Kyai yang akrab dengan panggilan Gus Baha ini memberikan ceramahnya di Aula Ponpes Lembaga Pembinaan, Pendidikan, dan Pengamalan Ilmu Al-Quran (LP3iA), Desa Narukan, Kecamatan Kragan, Kabupaten Rembang, Jawa Tengah.
Baca Juga: Sarankan Dana Haji Diaudit Akuntan Publik, Musni Umar: Masyarakat Sudah Sulit Percaya
Menurut Gus Baha, ada sejumlah cerita mengenai beberapa ulama yang mampu melakukan kebaikan dalam hal bersosialisasi di tengah hiruk pikuk keberagaman.
Seperti kisah Nabi Ibrahim yang mendapatkan teguran dari Allah karena memberi makan orang majusi dengan mengajukan sebuah persyaratan
“Nabi Ibrahim sempat ditegur oleh Allah memberi makan orang Majusi yang sedang kelaparan dengan satu syarat, yaitu mau beriman kepada Allah. Namun orang Majusi tersebut keberatan dan menjadikan Nabi Ibrahim urung memberikan makanan. Lantas Allah menegurnya,” sebut Gus Baha.

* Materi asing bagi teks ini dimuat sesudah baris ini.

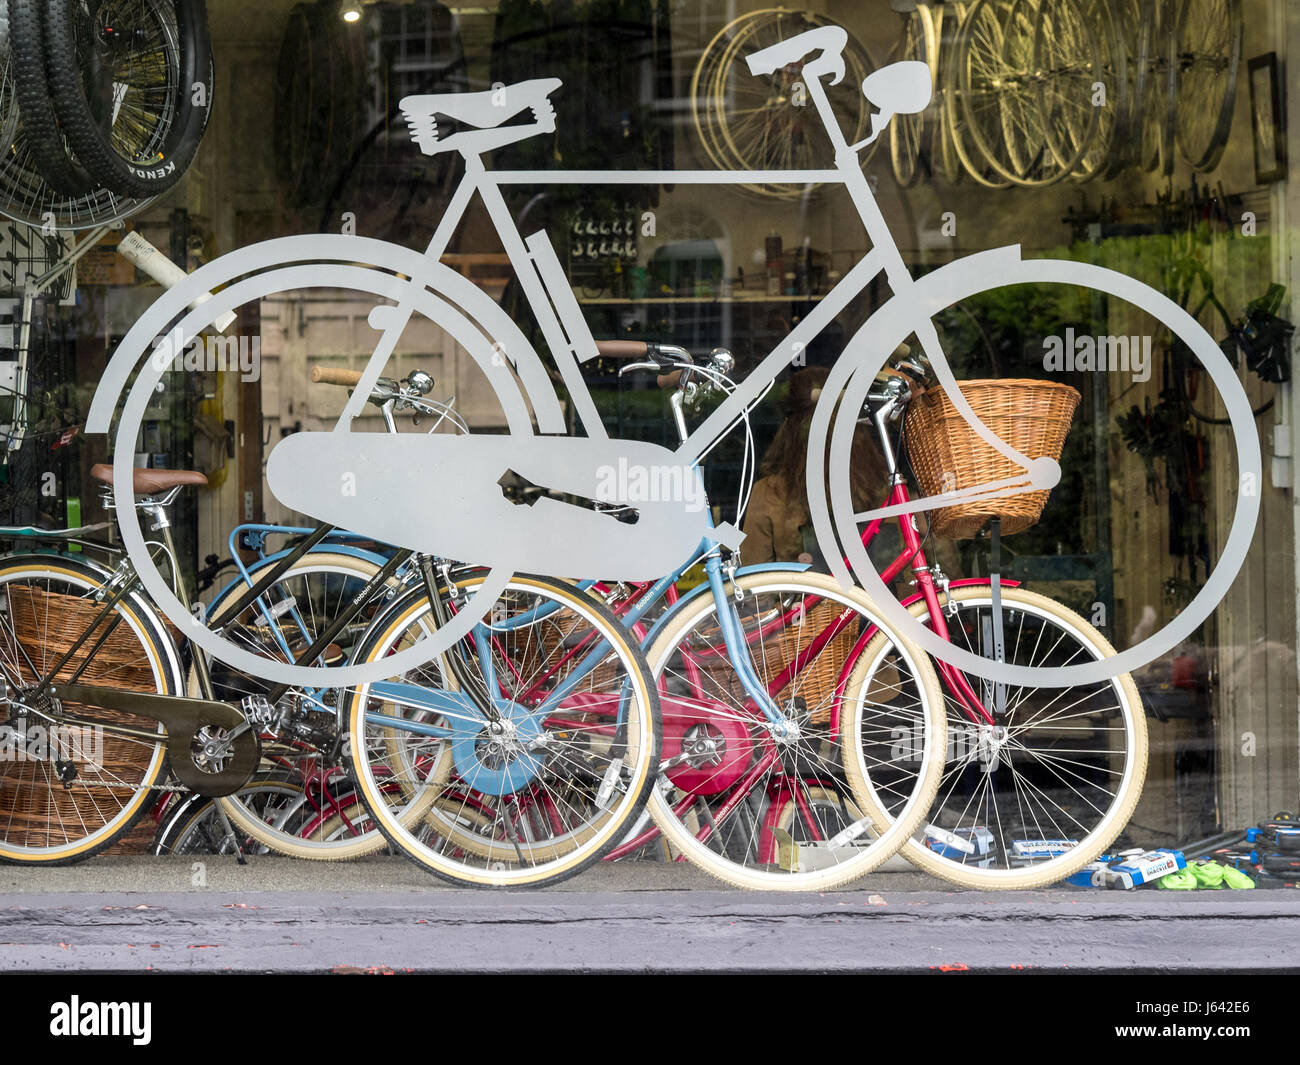 Display in a bike shop window in Mill Road, Cambridge UK Stock Photo

“Nabi Ibrahim ditegur oleh Allah karena Allah saja memberi makan orang Majusi itu selama puluhan tahun, padahal dia tidak beriman. Lantas Nabi Ibrahim memanggil orang Majusi tersebut untuk diberi makan,” lanjut Gus Baha dikutip Pikiranrakyat-depok.com dari situs resmi kemenag.
Gus Baha kemudian menlanjutkan dengan cerita lain bahwa Nabi Muhammad Saw memberikan maafnya kepada seorang bernama Da’sur yang cukup benci kepada nabi dan hampir membunuhnya.
Namun Nabi memilih untuk memaafkannya dan lantas menyuruhnya untuk pergi, sampai pada akhirnya Da’sur memeluk agama Islam.
Sikap pemaaf yang dimiliki oleh Nabi Muhammad nyatanya juga ia berikan kepada kaum kafir Quraisy yang telah masuk agama Islam.
Bahkan pada waktu itu, mereka agak takut karena sebelumnya sempat melakukan permusuhan terhadap Nabi.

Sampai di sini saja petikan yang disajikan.